C’est surtout vrai du « fonds de réserve » qui devrait soutenir les régimes de retraite par répartition. La publicité faite à ce projet relève de l’indécence si l’on compare sa vacuité à la gravité du problème de financement des retraites dans notre pays.
3. Des sanctions arbitraires
La politique sociale du gouvernement consiste à faire reposer sur certaines catégories de la population tout le poids des efforts à consentir.
Les familles sont les plus pénalisées, avec un surcroît de prélèvements d’environ 6 milliards en 1998, pérennisé en 1999. La branche famille du régime général de la Sécurité sociale devrait dégager un excédent de plus de 4 milliards l’année prochaine.
Dans le même temps, les allocations familiales sont sévèrement encadrées puisque leur revalorisation sera de 0,7 % au 1er janvier, soit une perte de 0,5 point de pouvoir d’achat. Le gouvernement fait au moins preuve de cohérence dans sa politique familiale.
Les retraites seront indexées sur les prix en 1999, gelant ainsi le pouvoir d’achat des pensions, à défaut de toute autre réflexion d’ensemble sur le sujet.
La branche des accidents du travail, pourtant fortement excédentaire en 1998 et 1999, enregistrera un supplément de recettes du fait d’une revalorisation de 2,2 % des cotisations qui contribuent à son financement. Le principe de la responsabilité individuelle est abandonné au bénéfice d’une logique de pénalités collectives proportionnelles aux revenus, qu’il s’agisse des praticiens ou des laboratoires pharmaceutiques.
Mais surtout, le gouvernement choisit le système de la lettre-clé flottante, en se permettant de baisser unilatéralement les tarifs des actes médicaux en cours d’année. Les médecins ne pourront plus, par ailleurs bénéficier d’une « seconde chance » lorsqu’ils auront dépassé les objectifs assignés : les sanctions seront immédiates.

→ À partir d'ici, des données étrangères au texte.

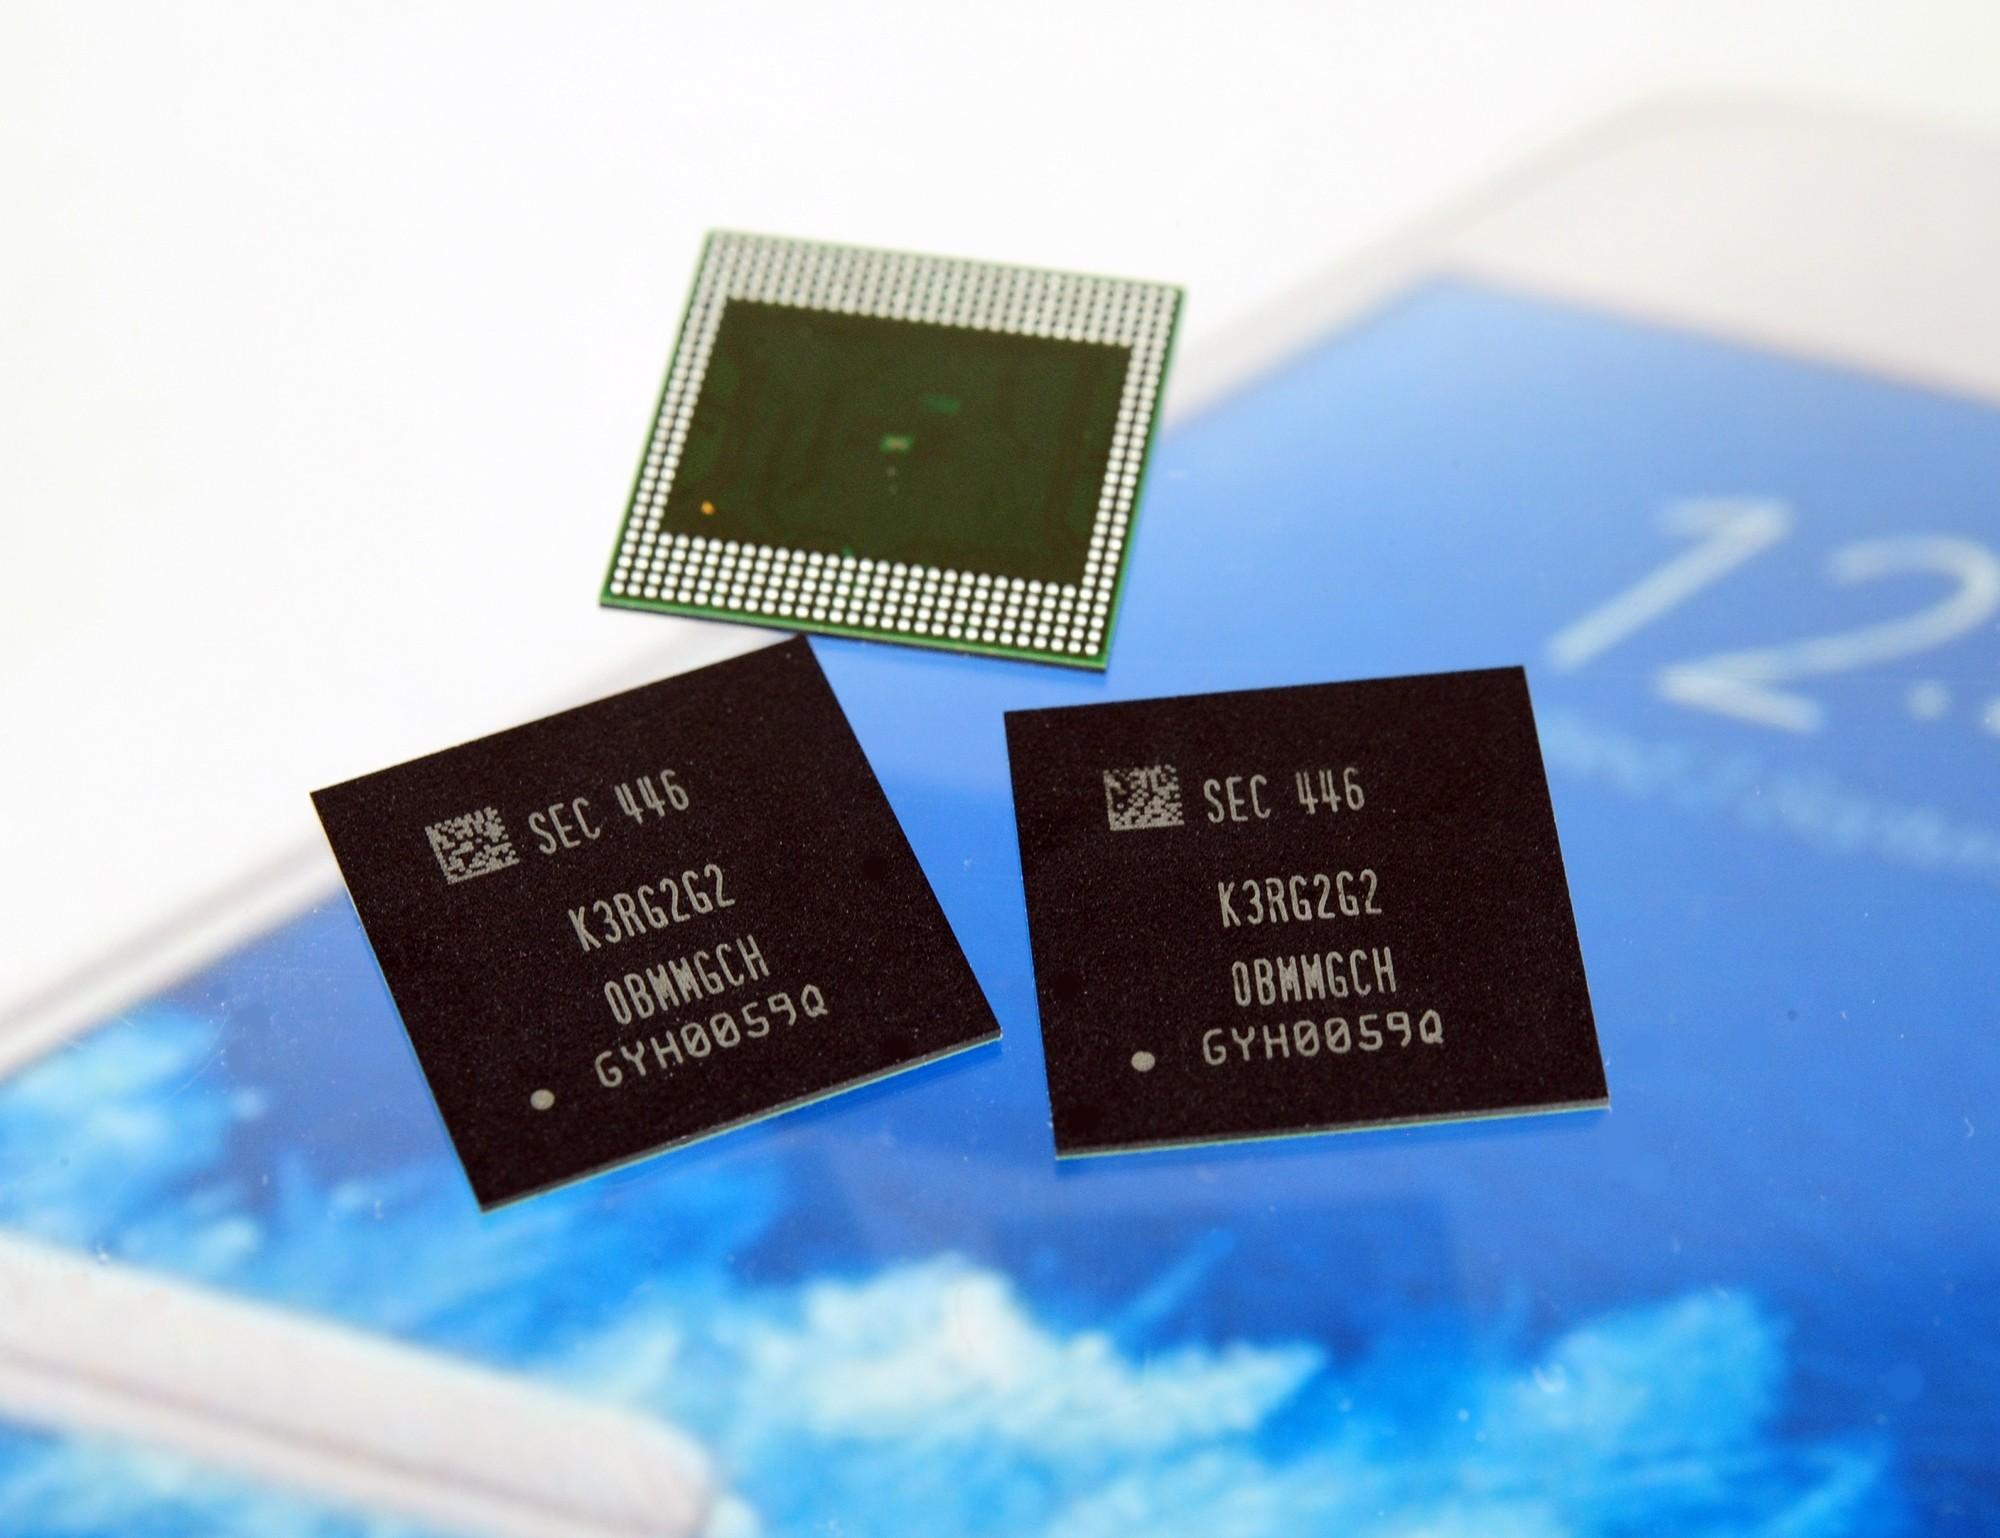 RAM DDR4 - RAM DDR4 cho thiết bị di động

Enfin, et ce n’est pas le moins choquant, le gouvernement utilise la Sécurité sociale pour financer ses projets les plus discutables. Ainsi, au mépris du principe fondamental de compensation intégrale des exonérations, le coût des 35 heures sera supporté pour un tiers par les caisses de la Sécurité sociale. C’est sûrement, pour le gouvernement, la meilleure façon de préserver l’avenir de notre système de protection sociale.